Required work: Output the data in full. Keep every word exact and exclude the pictures.

START Data provided

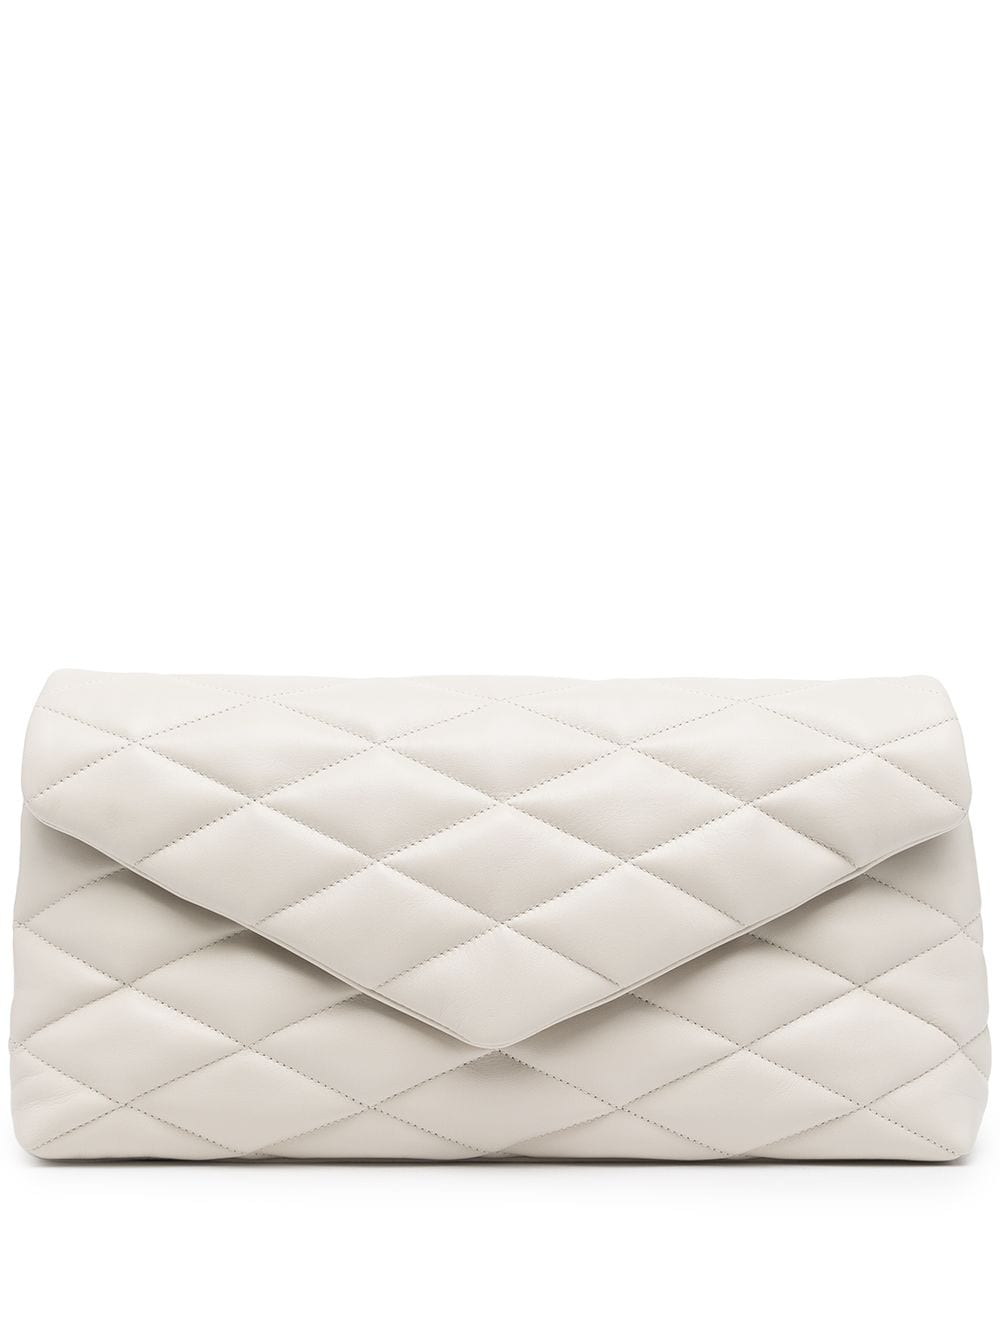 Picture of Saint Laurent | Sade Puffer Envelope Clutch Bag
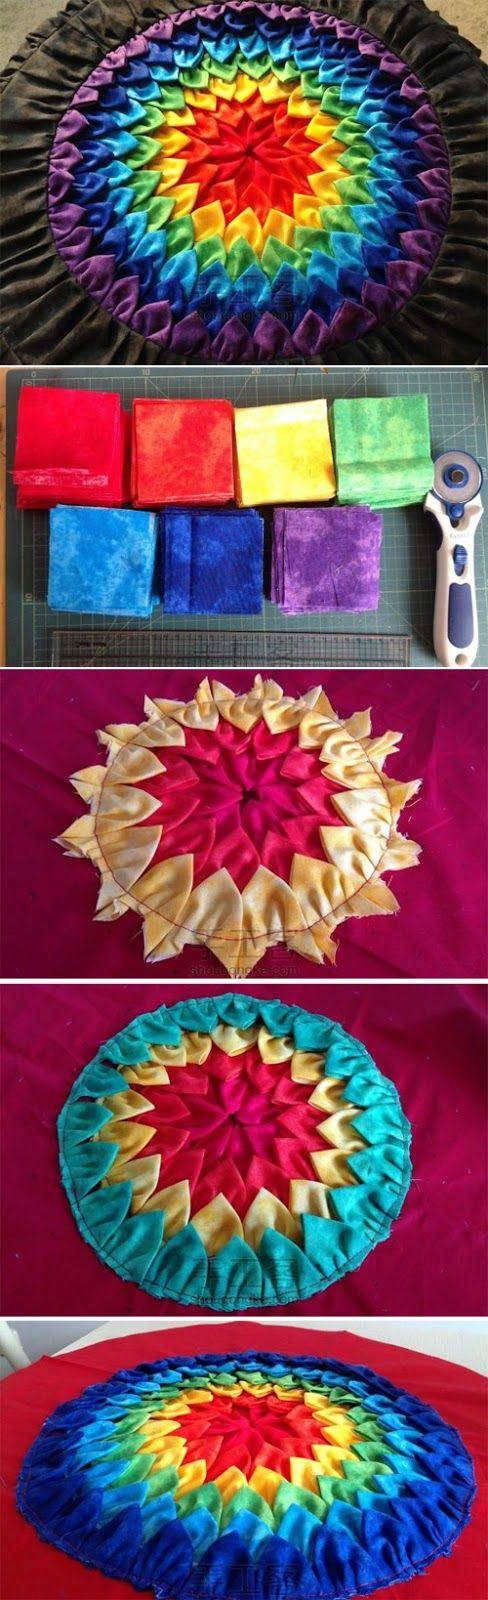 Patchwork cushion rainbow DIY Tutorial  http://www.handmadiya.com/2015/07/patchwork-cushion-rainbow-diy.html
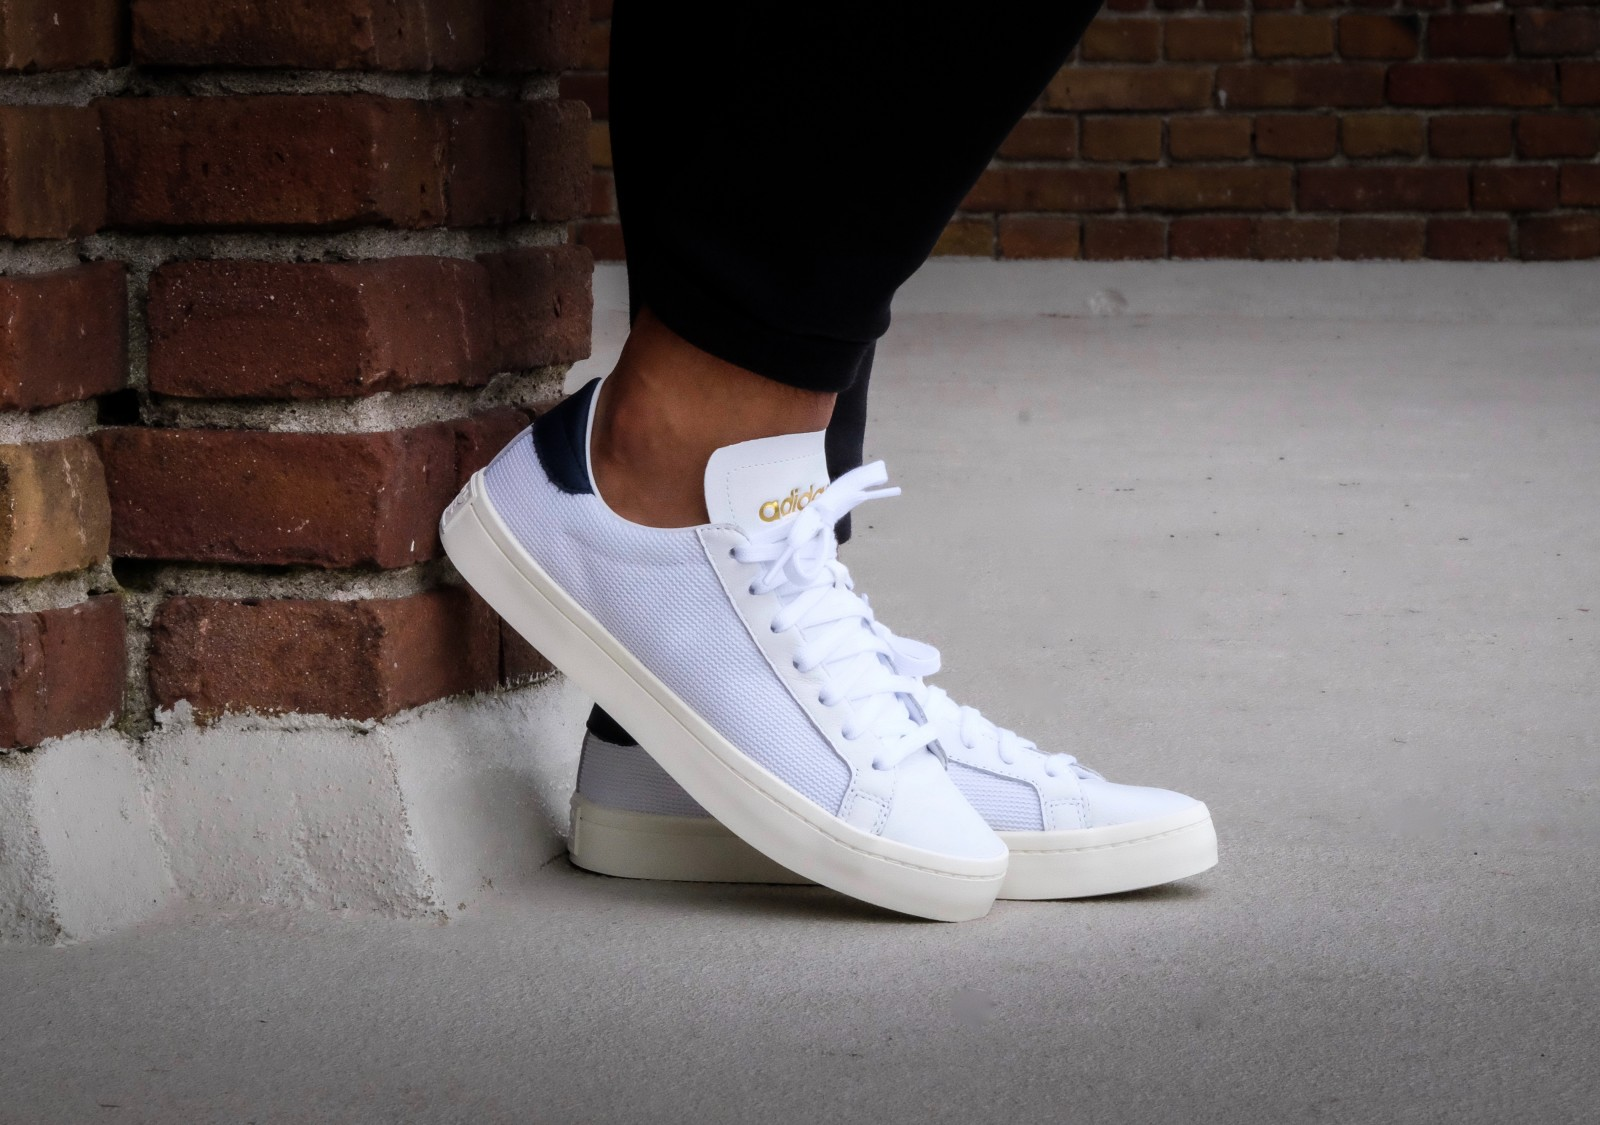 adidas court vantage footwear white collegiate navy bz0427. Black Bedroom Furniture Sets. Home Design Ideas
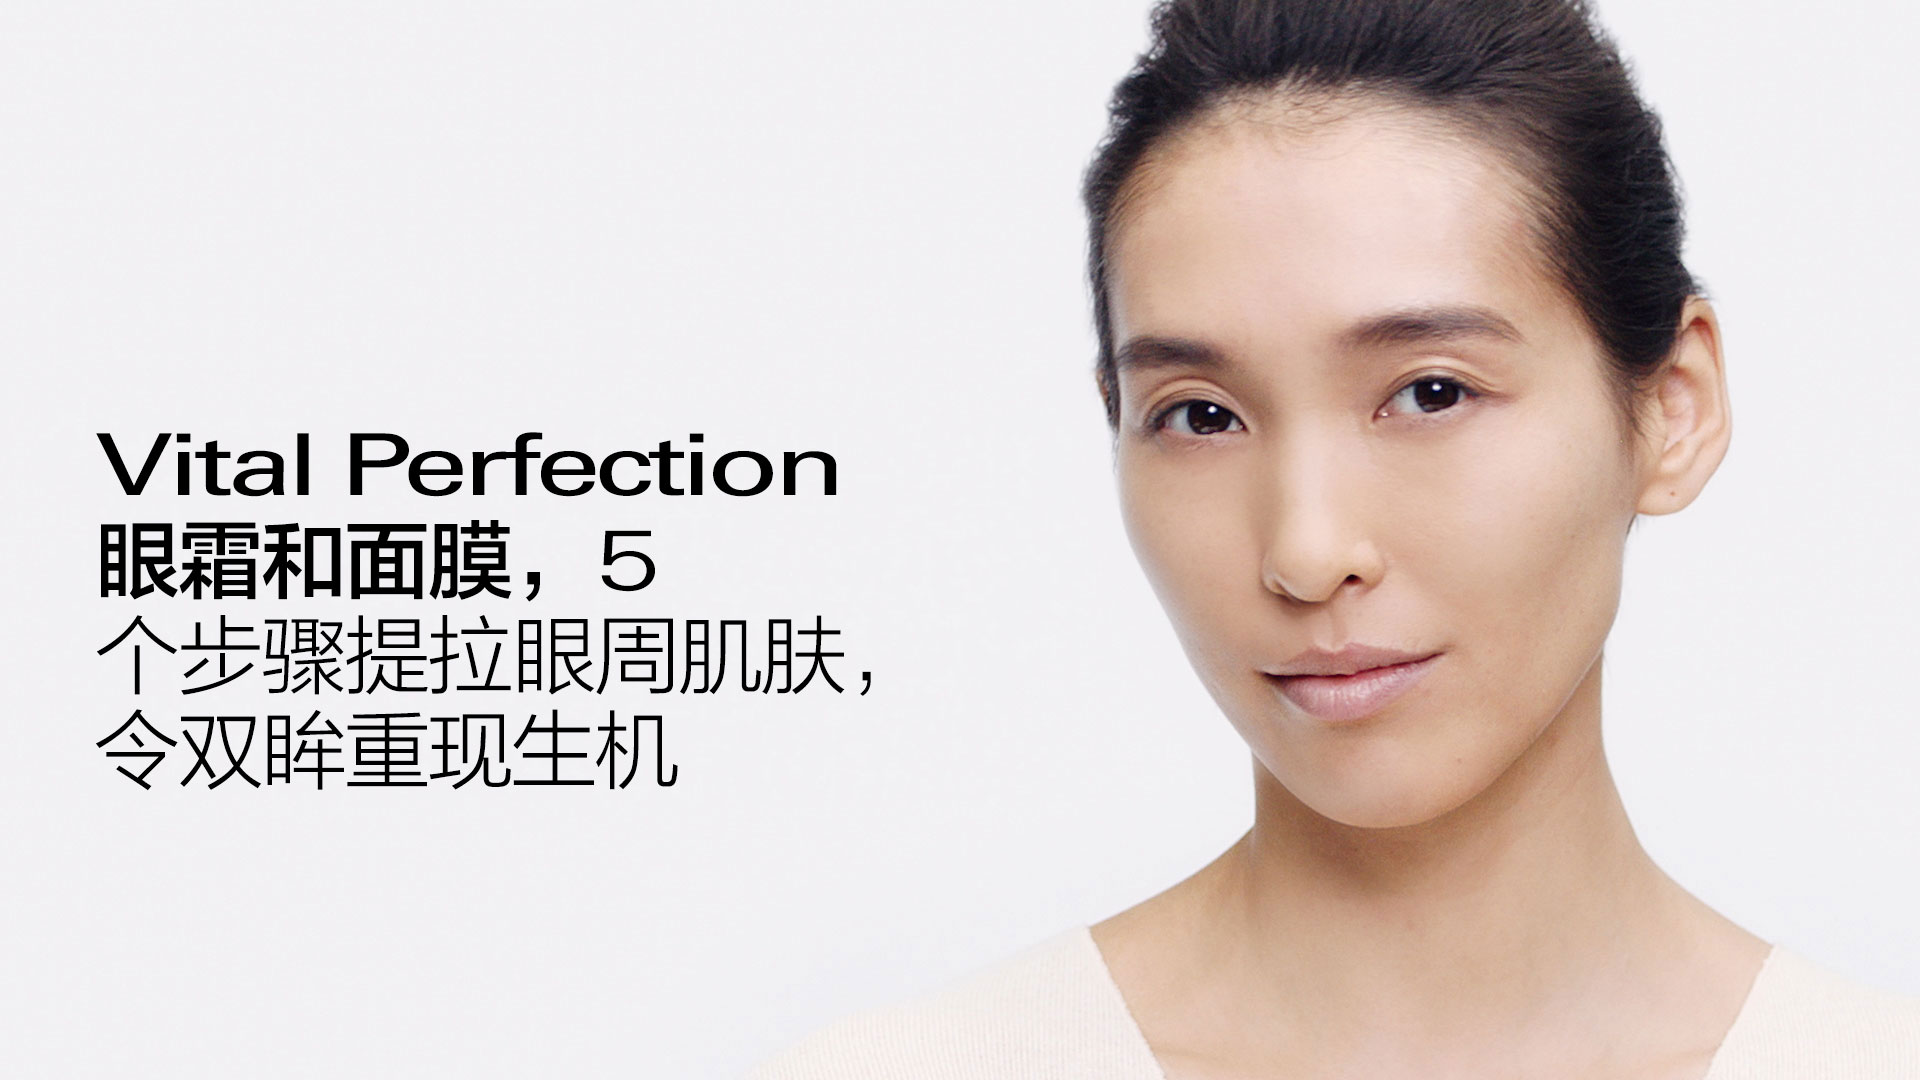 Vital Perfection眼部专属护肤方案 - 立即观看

END Data provided

Reply:
 Picture of Saint Laurent | Sade Puffer Envelope Clutch Bag
 Patchwork cushion rainbow DIY Tutorial  http://www.handmadiya.com/2015/07/patchwork-cushion-rainbow-diy.html
 adidas court vantage footwear white collegiate navy bz0427. Black Bedroom Furniture Sets. Home Design Ideas
 Vital Perfection眼部专属护肤方案 - 立即观看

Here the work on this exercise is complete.